#### What is expected:
Pictures are to be left out, and only the lines from the one containing "Lexus Is300 Lexus" through the last line of the data are to be returned exactly.

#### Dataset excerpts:
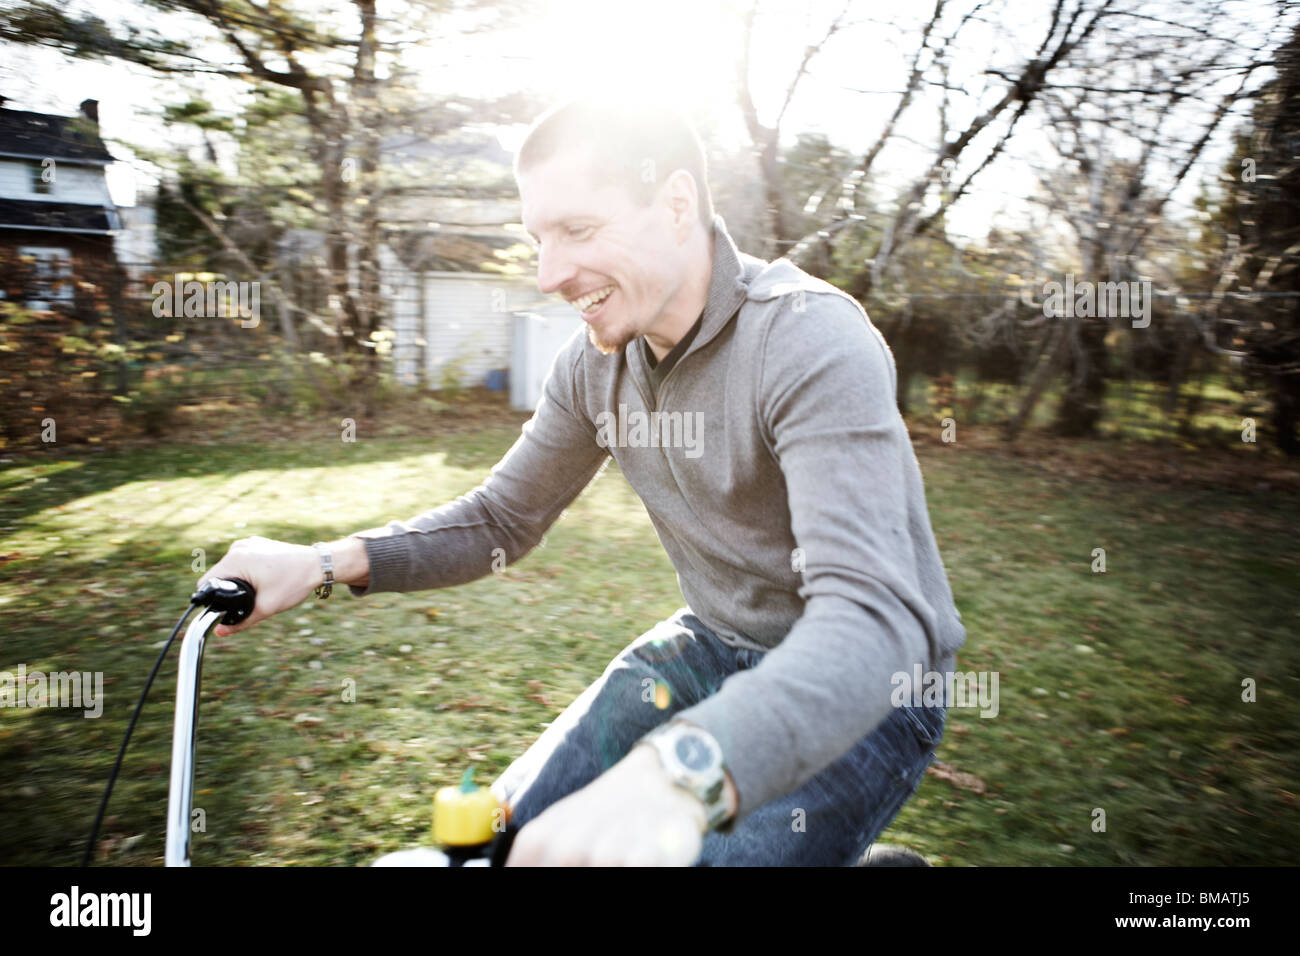 man on bicycle - Stock Image
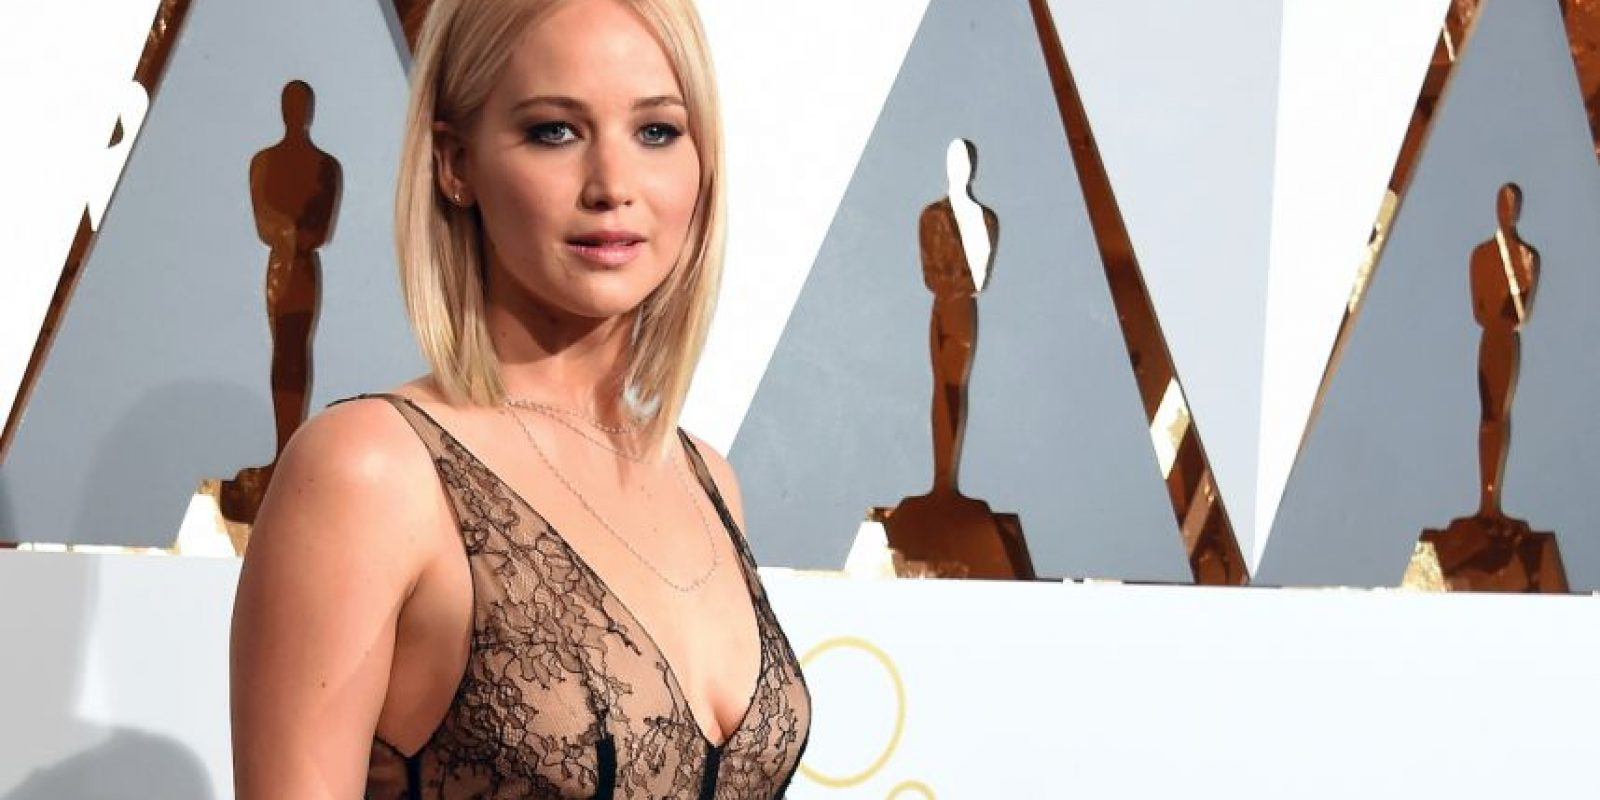 """Ya me cansé de ser ""adorable"" al expresar mi opinión"", Jennifer Lawrence Foto:Getty Images"
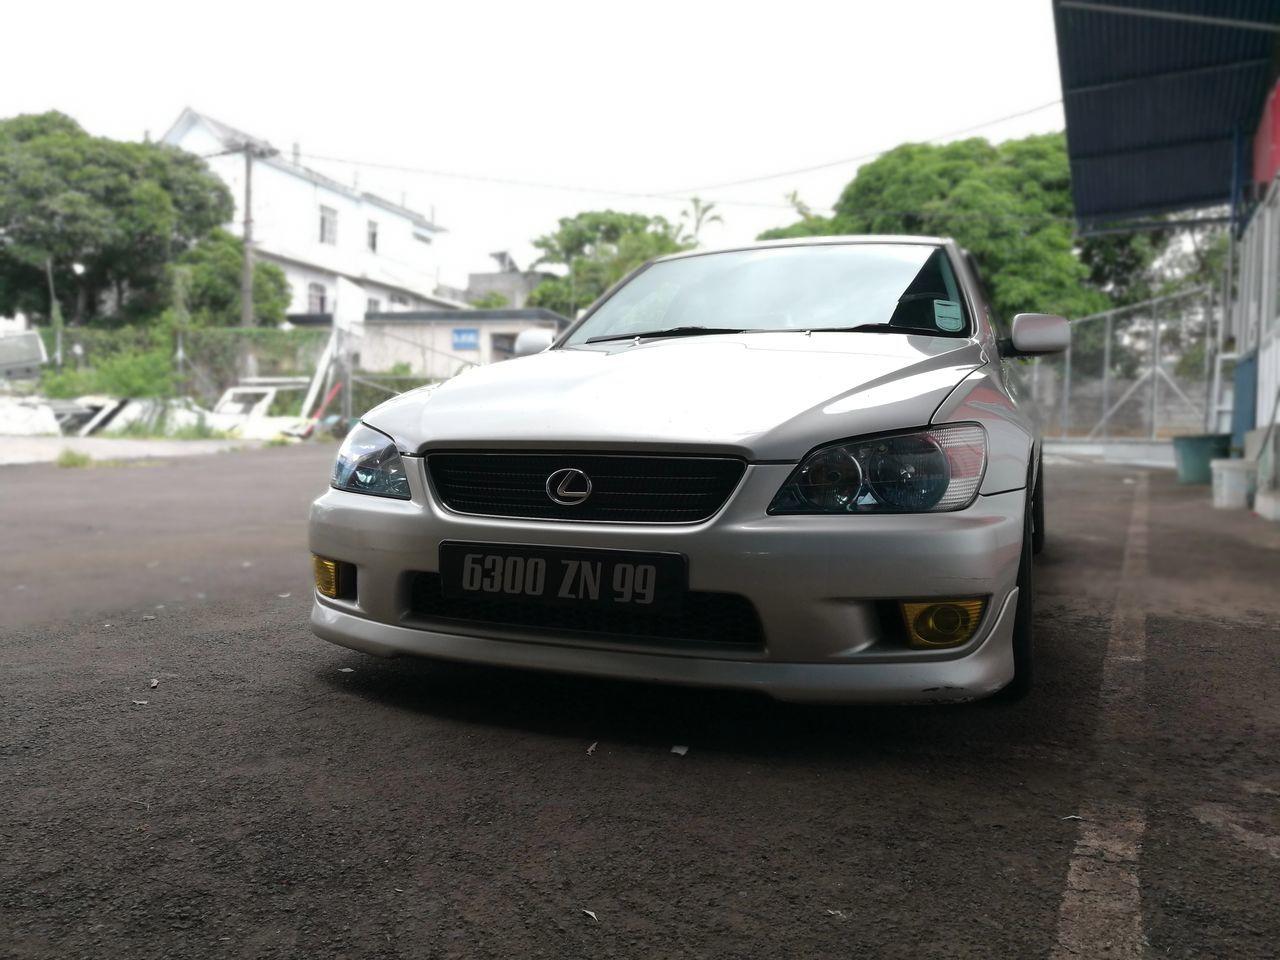 Lexus Is300 Lexus Is200 Loweredlifestyle First Eyeem Photo
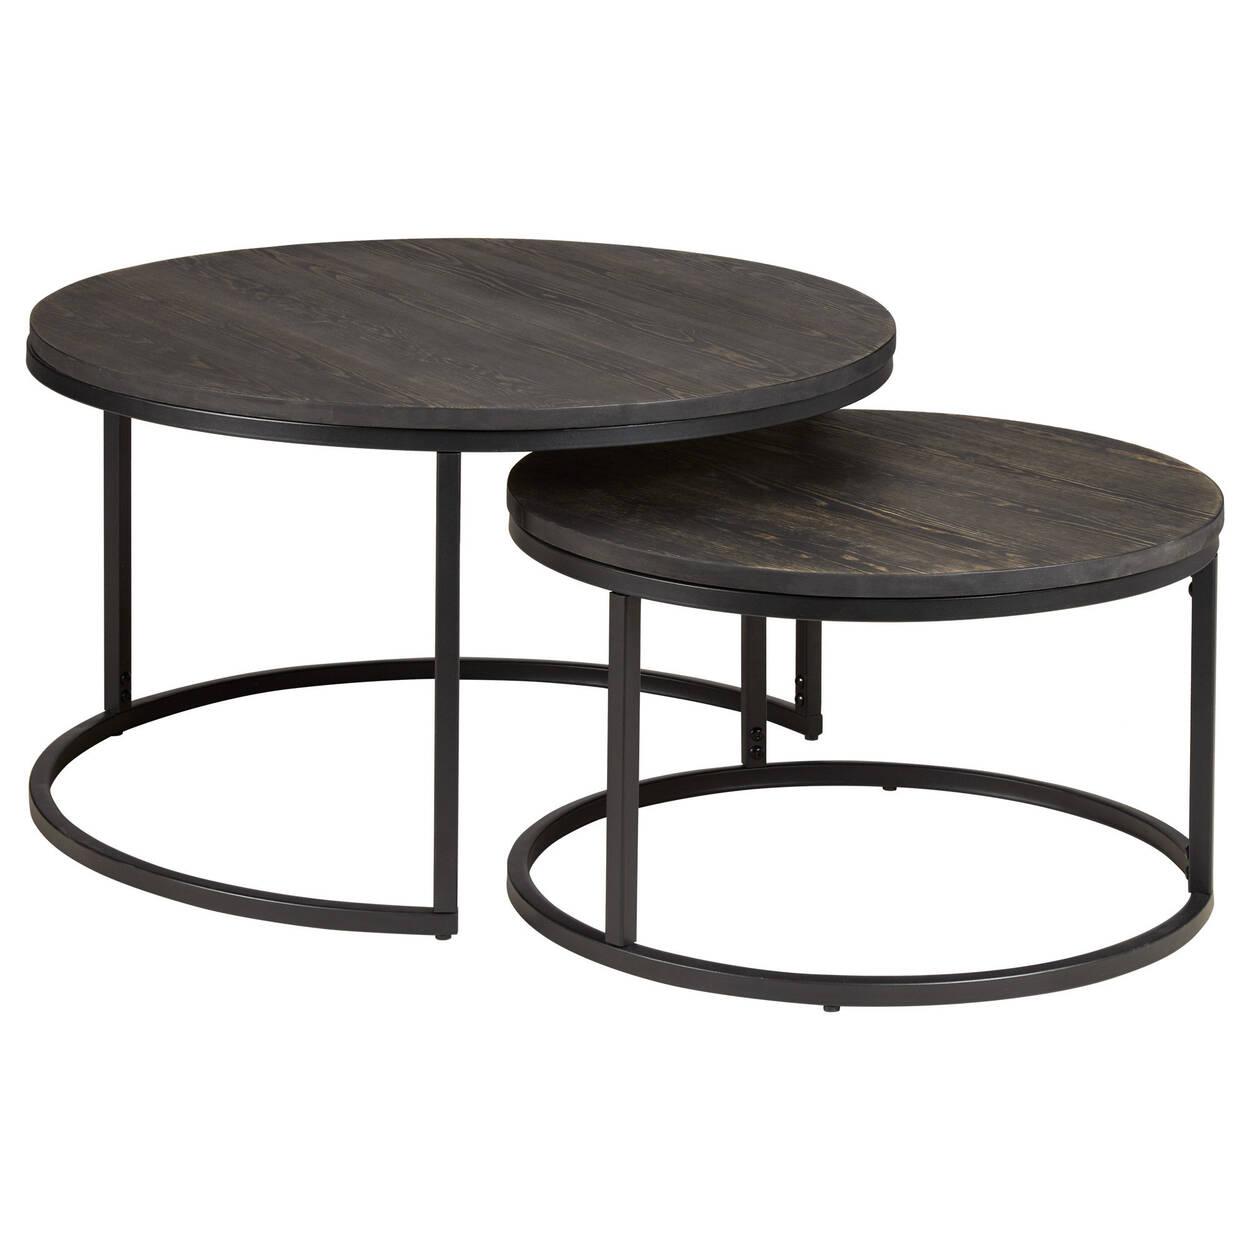 Bouclair Teak Coffee Table: Set Of 2 Wood Side Tables With Metal Legs
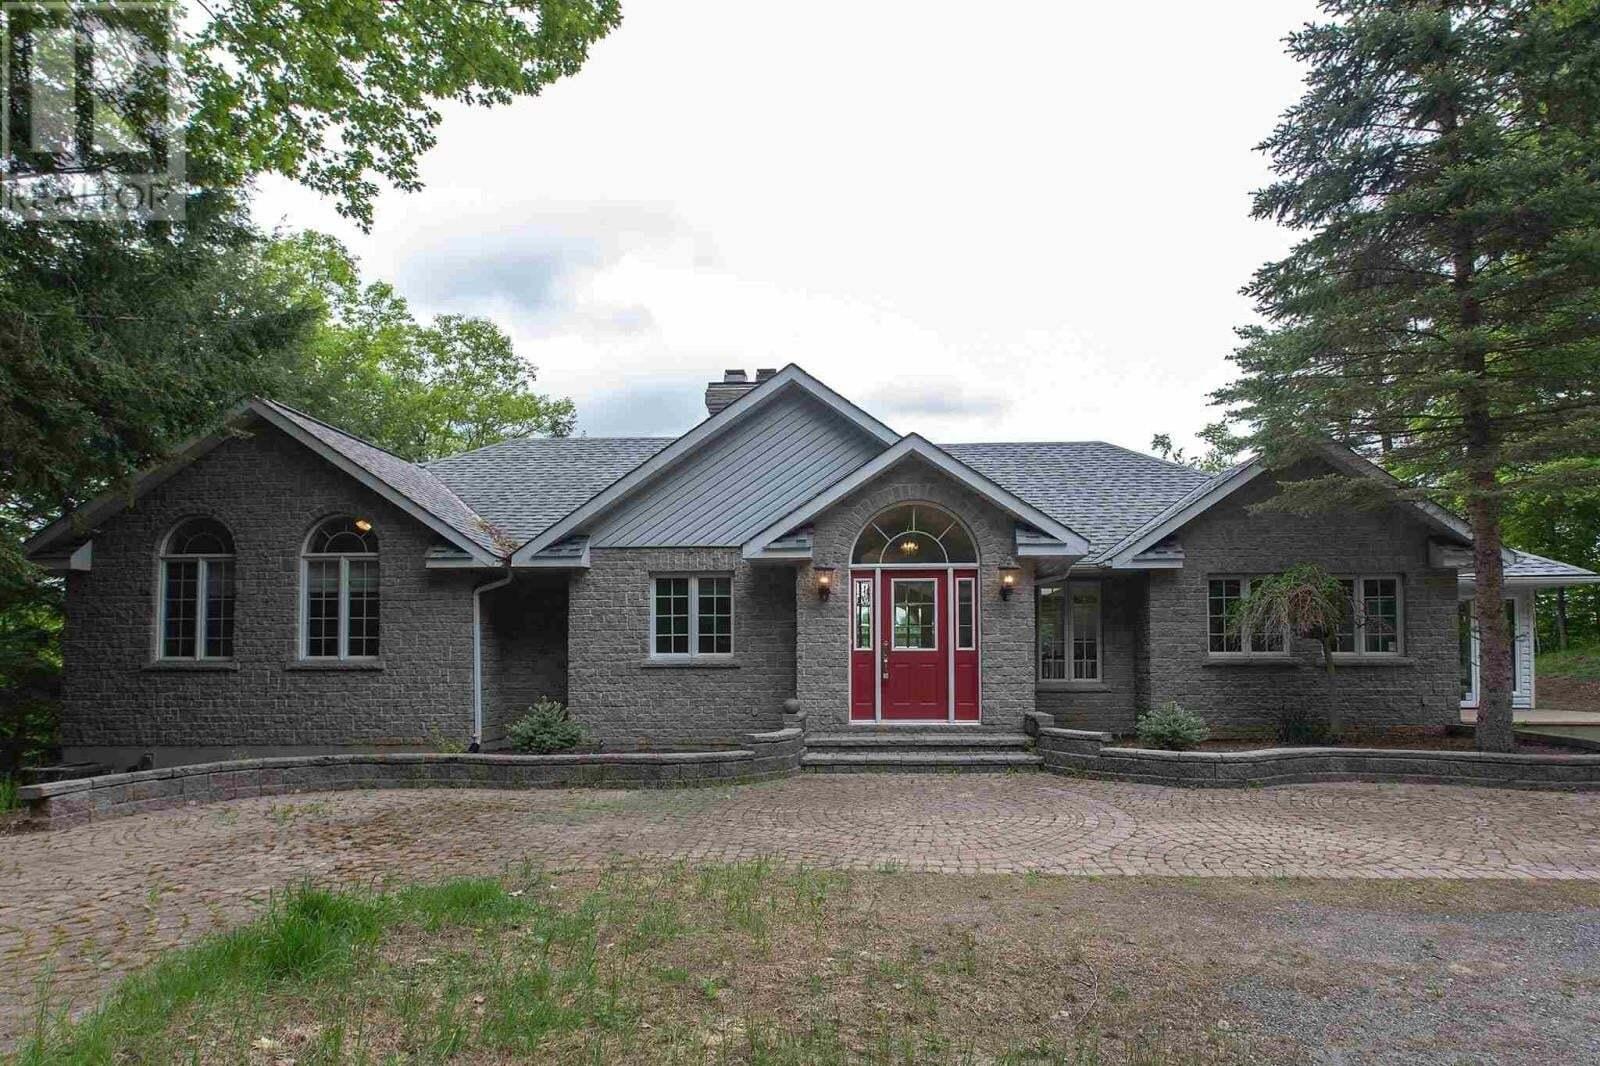 House for sale at 1633 Davis Lock Rd Elgin Ontario - MLS: K20002781
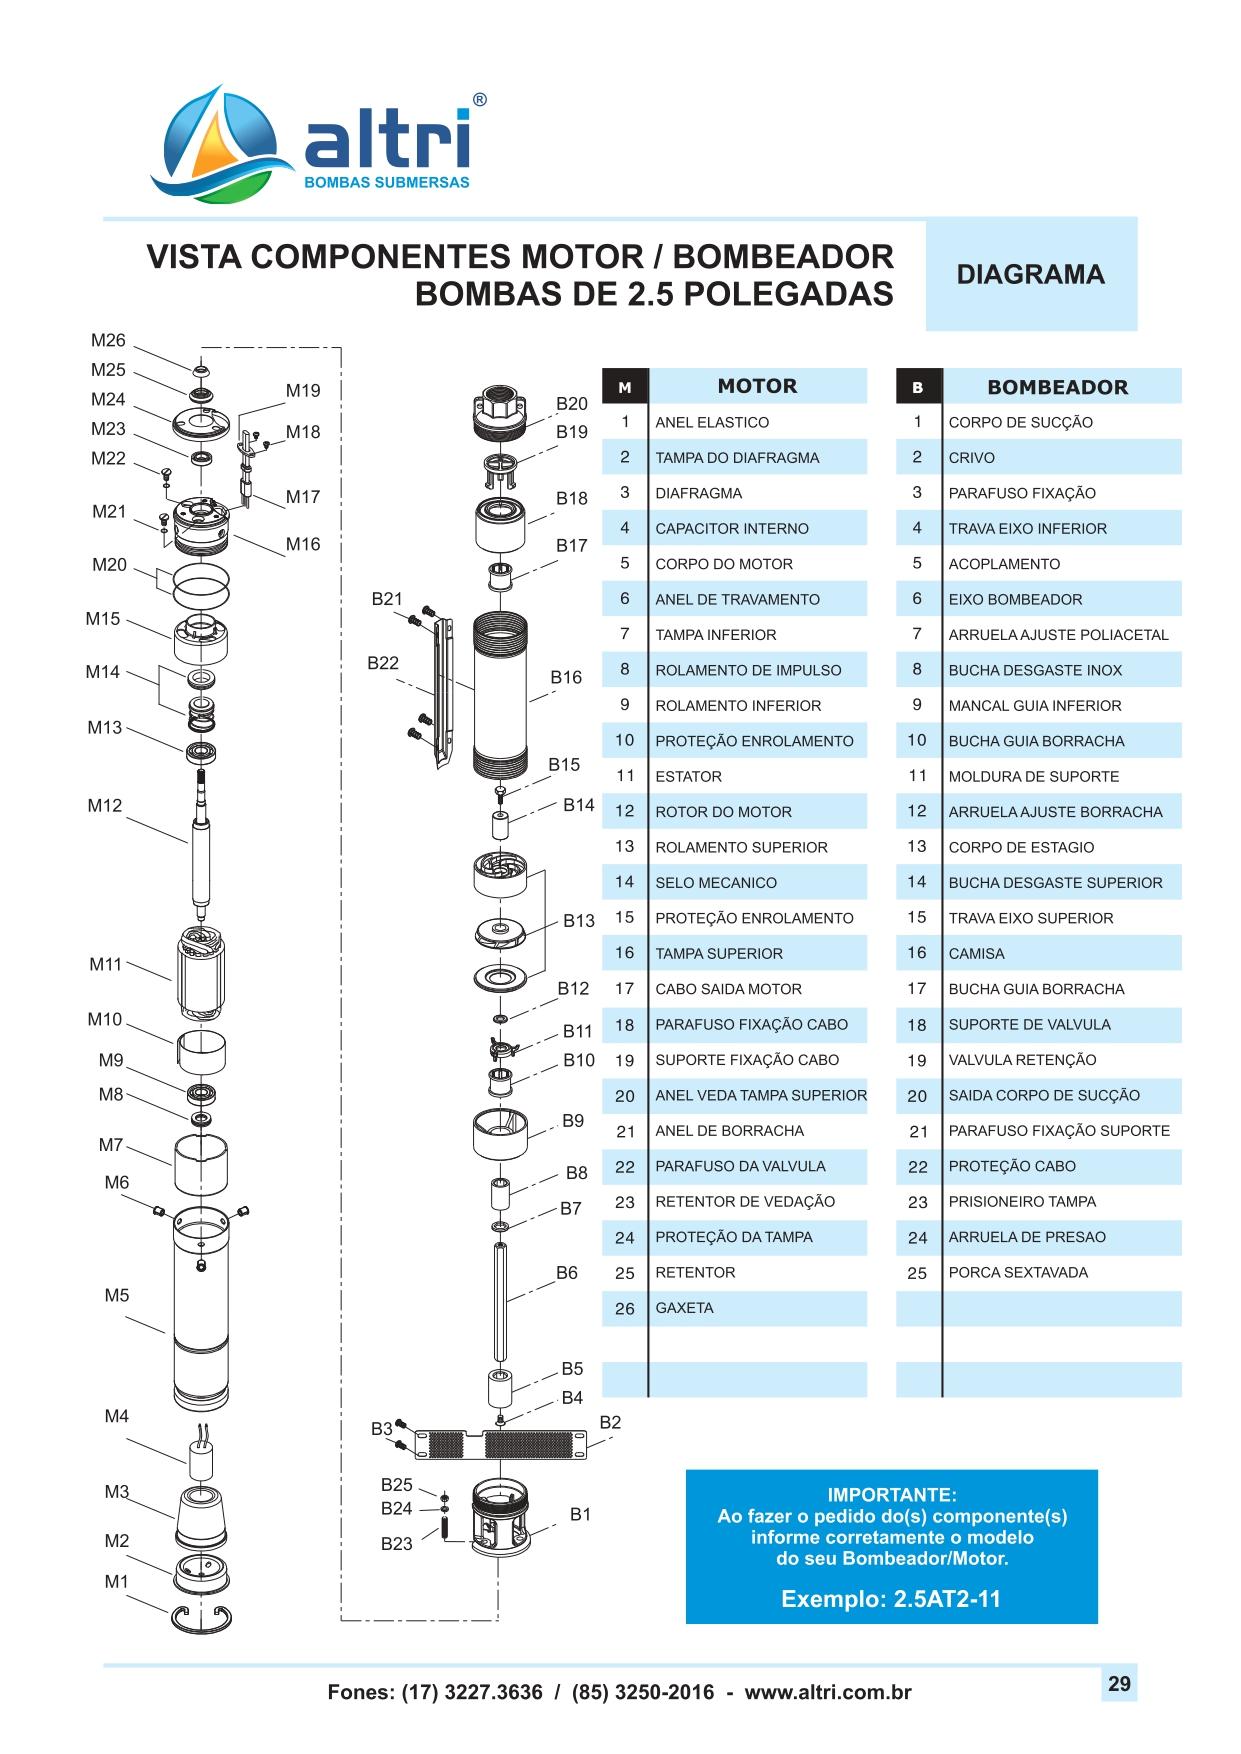 CATALOGO DE PRODUTOS ALTRI 2021 - WEB_page-0031

#### Exercise output:
 Lexus Is300 Lexus Is200 Loweredlifestyle First Eyeem Photo
 Bouclair Teak Coffee Table: Set Of 2 Wood Side Tables With Metal Legs
 House for sale at 1633 Davis Lock Rd Elgin Ontario - MLS: K20002781
 CATALOGO DE PRODUTOS ALTRI 2021 - WEB_page-0031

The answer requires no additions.